Век любви и шоколада — страница 28 из 38

— Поступать по-своему на данный момент кажется довольно глупым.

— Это в прошлом, Аня, — сказал он будничным голосом. — Мы находимся там, где находимся. София Биттер была психопаткой, я поражен, что тебе удалось выжить. Теперь конь – он, пожалуй, наиболее сложная фигура для игрока. Он ходит буквой «Г».

— Откуда вы знаете, что конь это он? — спросила я. — Любой может оказаться под этой броней.

Он улыбнулся мне.

— Хорошая девочка.


***

В конце ноября я выписалась из больницы и вернулась в поместье Юджи Оно. Со мной поехала медсестра и устроила меня в старую комнату Юджи, наиболее удобное помещение в доме. Я старалась не думать о том, что последний обитатель этой комнаты умер медленно и мучительно.

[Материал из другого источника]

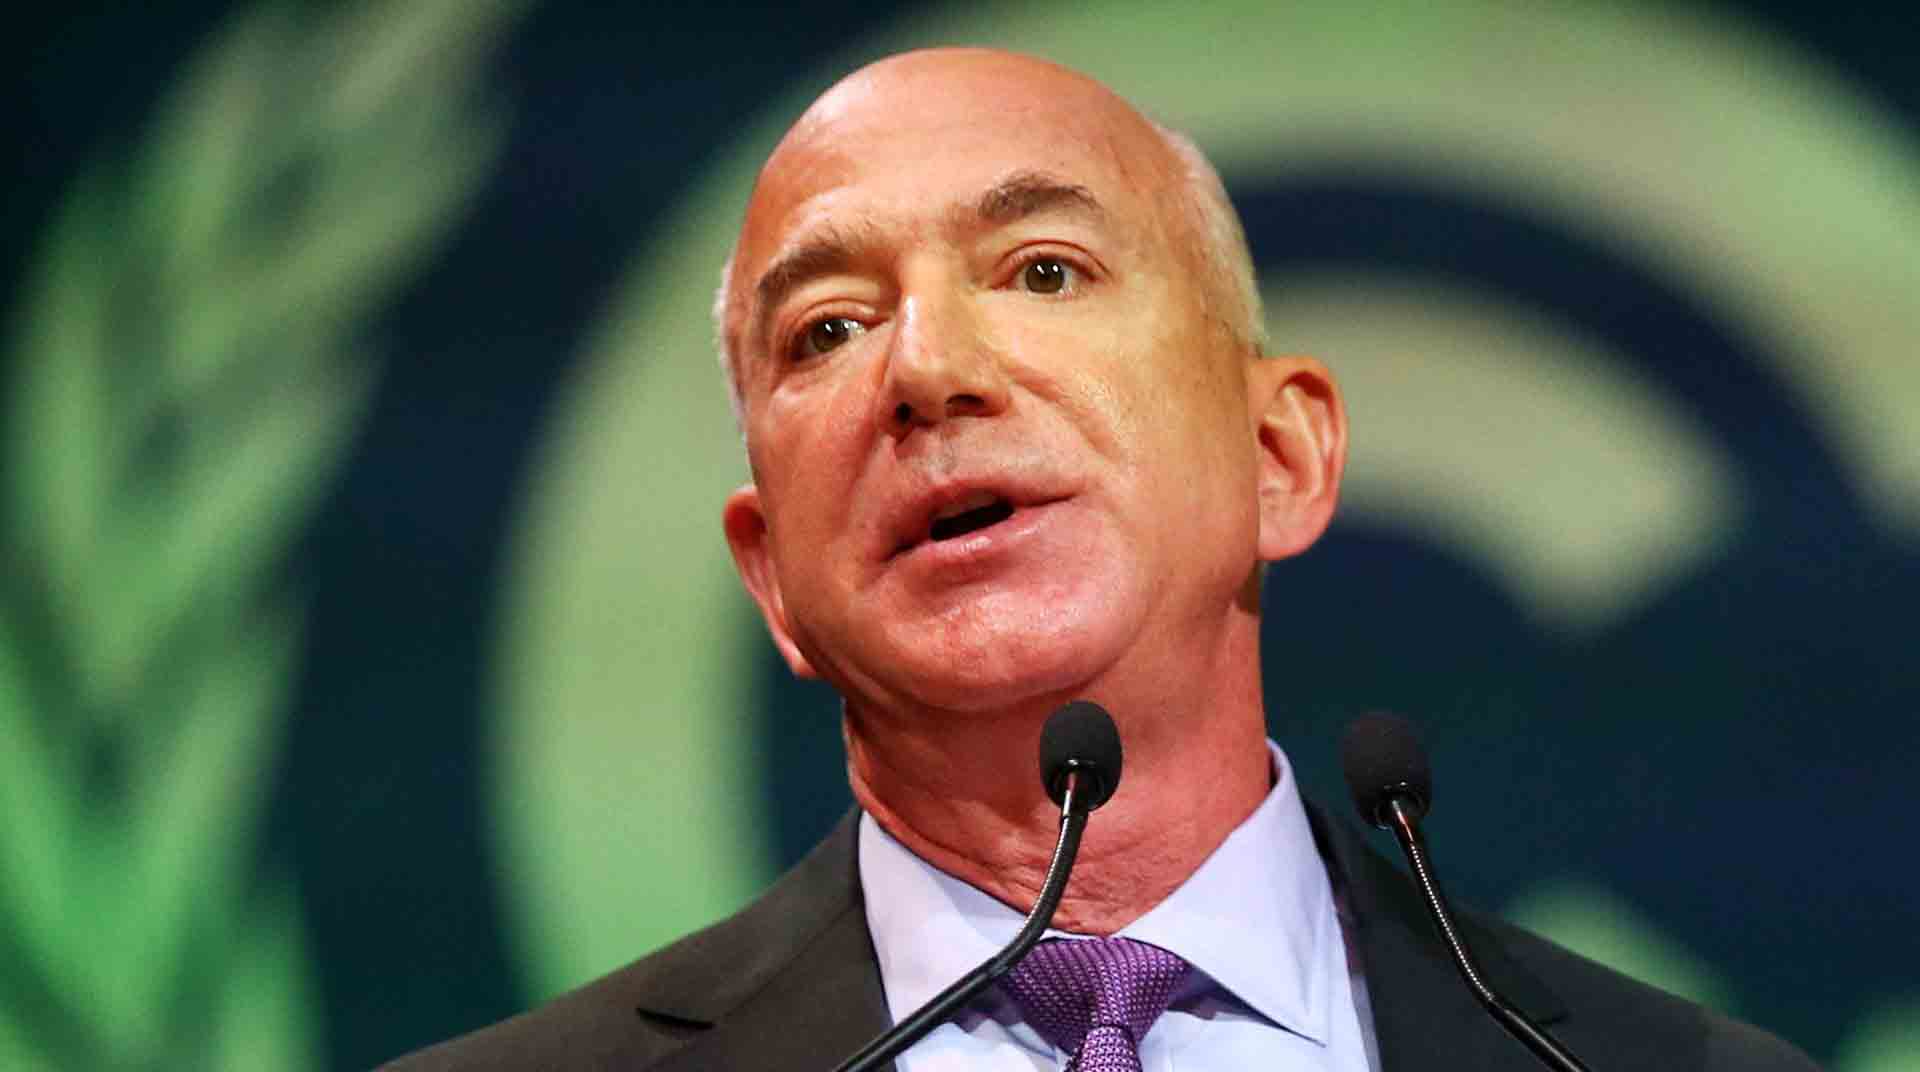 El fundador de Amazon, Jeff Bezos, aseguró al canal estadounidense CNN que planea donar la mayor parte de su patrimonio de USD 124 000 millones. Foto: EFE

К декабрю я передвигалась с ходунками. В феврале у меня появились костыли. К середине марта сняли гипс, обнажив поразительно безжизненную ногу болезненных оттенков желтого, зеленого и серого. Что есть, то есть, здоровой она не выглядела: свод стопы был плоским, лодыжка тощей как запястье, а пальцы свернулись странно и бесполезно. Я смотрела на эти пальцы и спрашивала себя, какой цели они когда-то служили. Я предпочла бы избежать этого зрелища, хотя это было не вариант — мне приходилось постоянно смотреть на нее, потому что он не работала! Когда я ставила свою ногу, то не могла почувствовать землю. Они дали мне подпорку и трость. Я покачивалась как зомби. Это было совсем не скучно: приходилось должным образом приказать своему мозгу переместить ногу, а затем ноге переместить свою стопу, а затем проверить и посмотреть, где находится земля и так с каждым шагом.

Что по поводу остального тела? Не сказать, что я бы назвала его привлекательным. Широкие розовые шрамы расползались до середины груди, под плечо, под поясницу, на шею, в ногу и на ноге, и за подборок. Некоторые шрамы были от нападения, некоторые из-за предпринятых врачами мер по спасению моей жизни. Я выглядела как девушка, заколотая маньячкой и перенесшая операцию на сердце, короче именно той, кем я и была. Выходя из ванной, я старалась не рассматривать себя очень близко. Я носила длинные свободные платья с высоким воротником платья, в которых, как сказал мистер Делакруа, я была похожа на фронтирских женщин* (прим. пер. Женщины, проживавшие в зонах освоения западных территорий США. Они носили закрытые платья без декольте).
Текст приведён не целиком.